# Exercise aim:
Exact copy, pictures excluded: the lines from the one containing "Bioderma Осветляющая и" to the end of the listing.

# Data block:
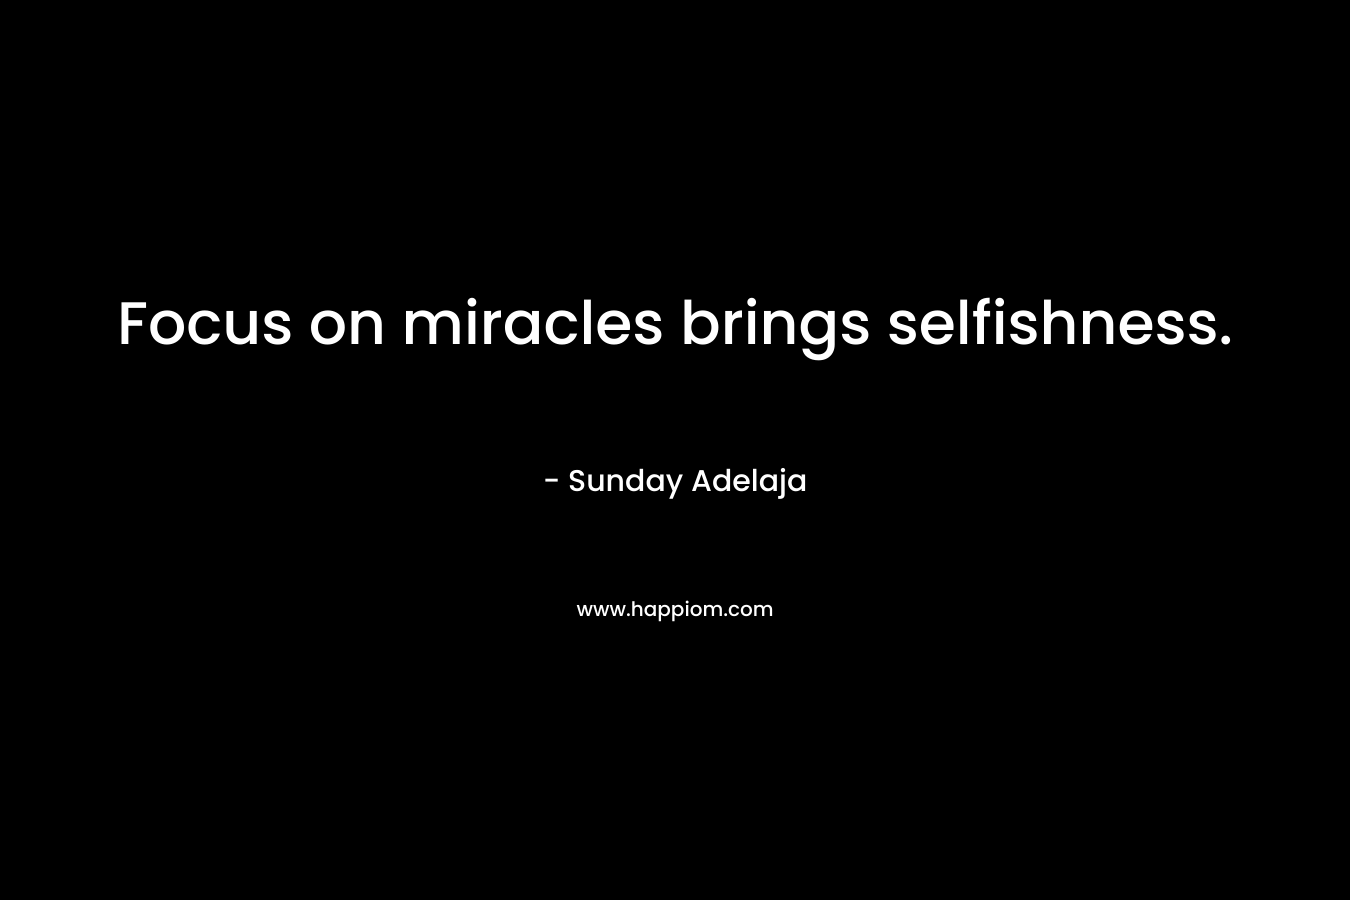 Focus on miracles brings selfishness.
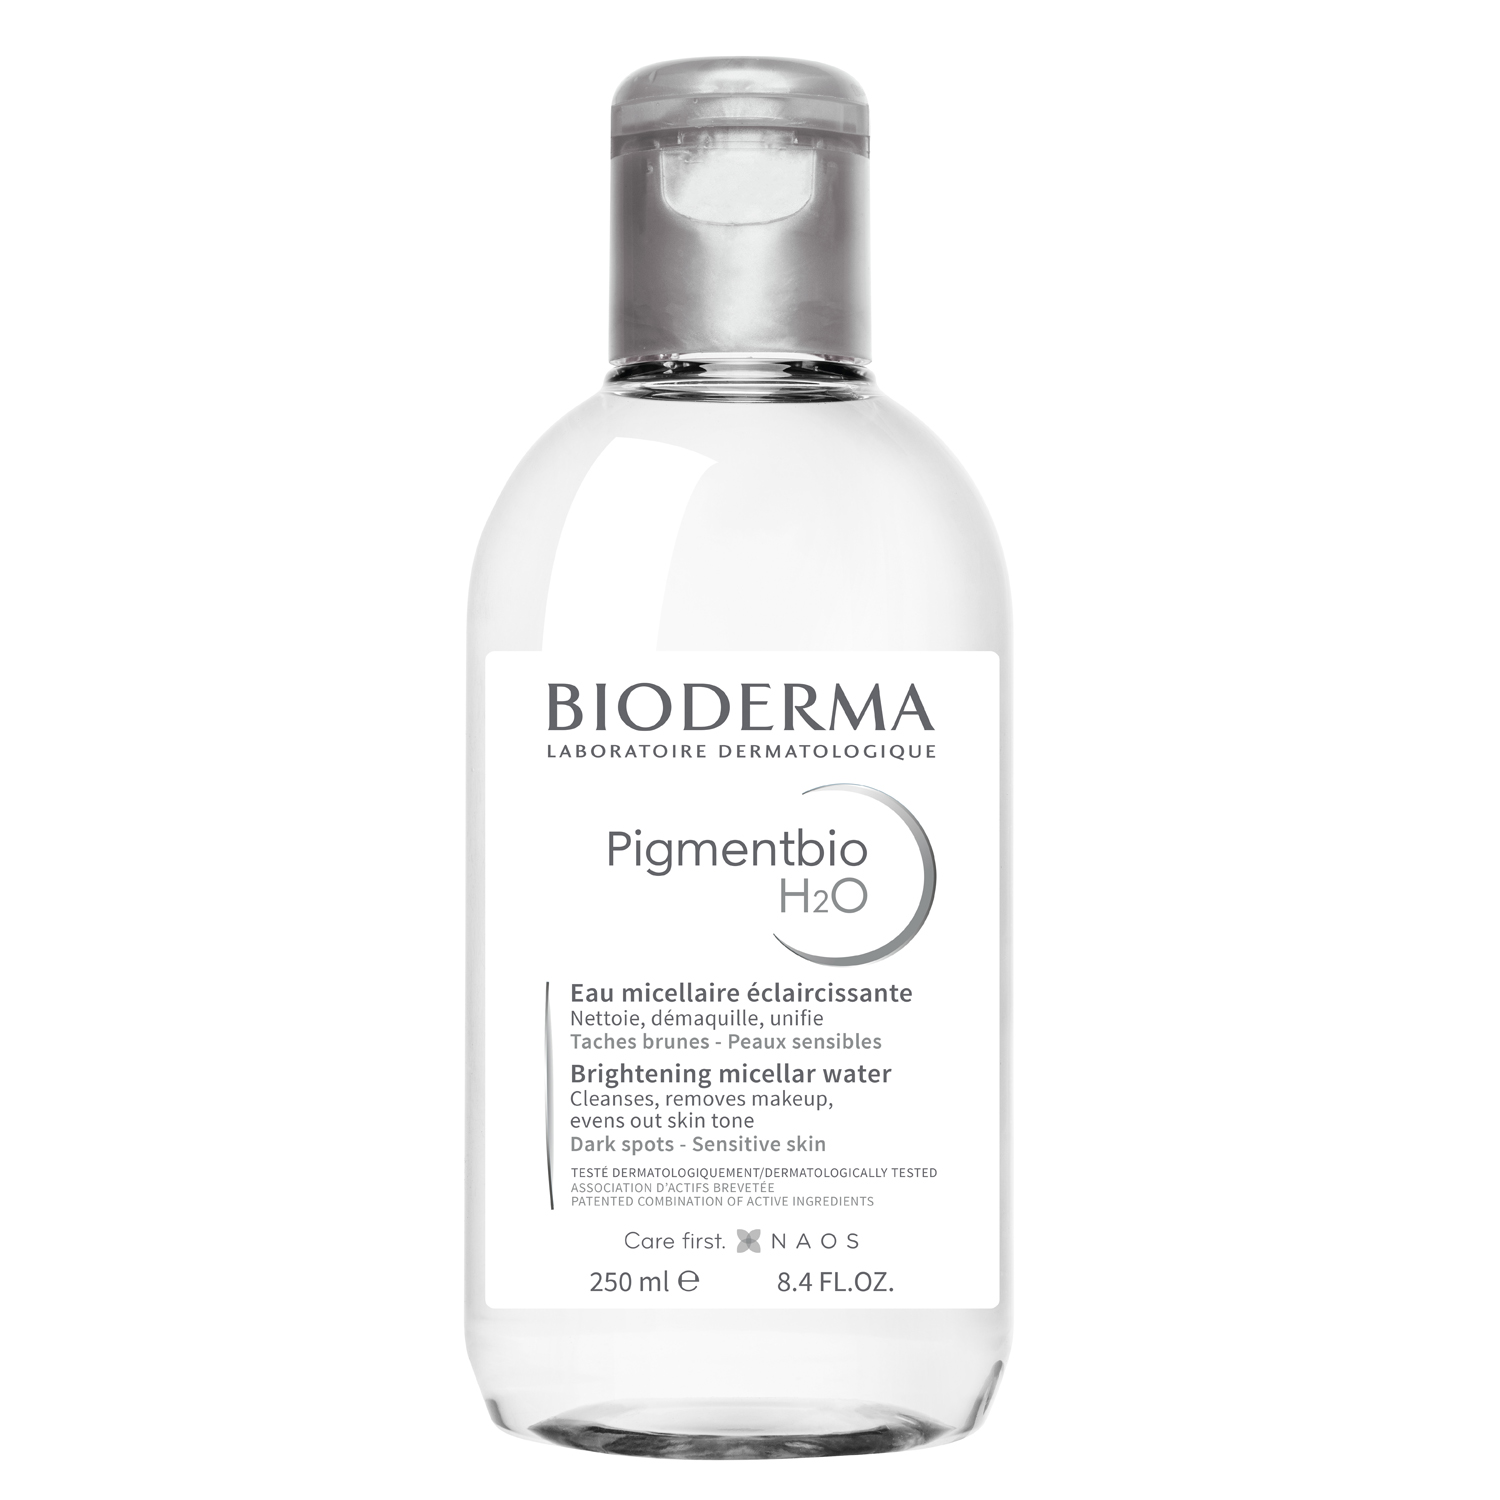 Bioderma Осветляющая и очищающая мицеллярная вода Н2О, 250 мл (Bioderma, Pigmentbio) осветляющая мицеллярная вода bioderma pigmentbio 250 мл
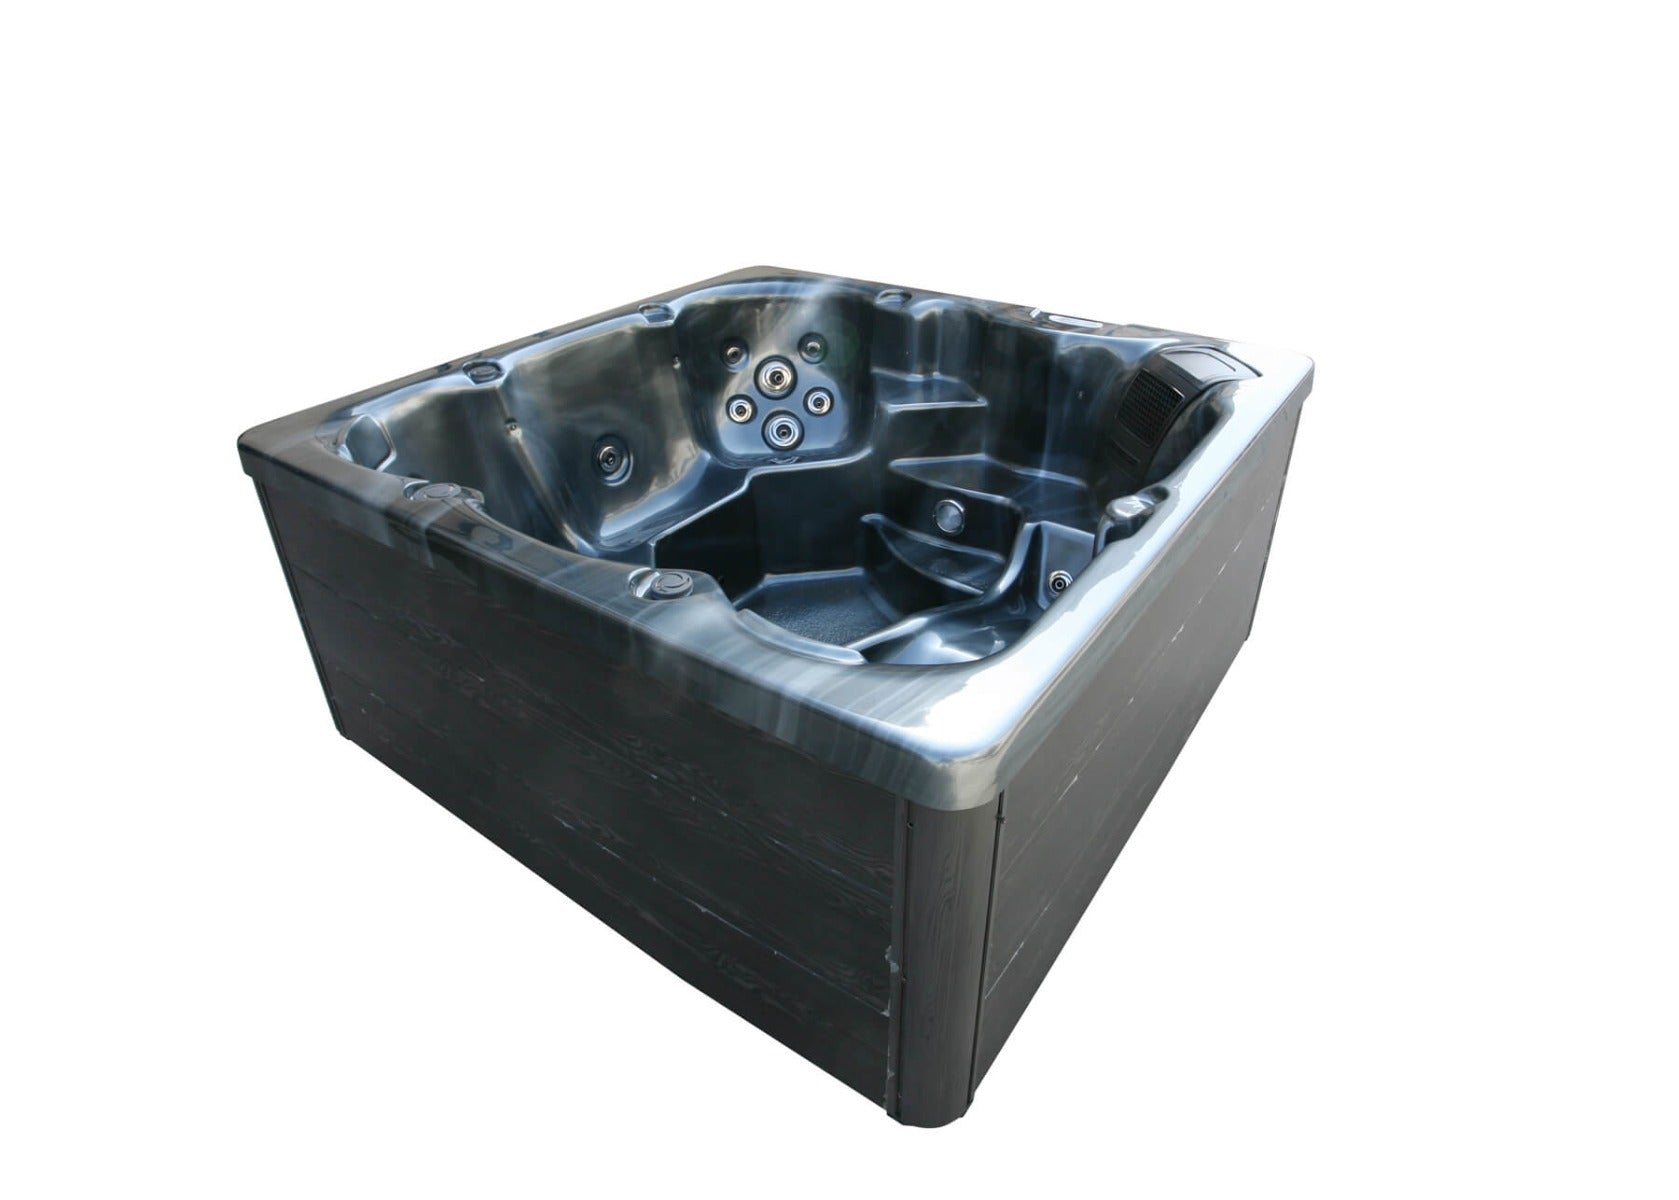 H2O 2500 Series Plug & Play hot tub

# Solved exercise:
 Bioderma Осветляющая и очищающая мицеллярная вода Н2О, 250 мл (Bioderma, Pigmentbio) осветляющая мицеллярная вода bioderma pigmentbio 250 мл
 H2O 2500 Series Plug & Play hot tub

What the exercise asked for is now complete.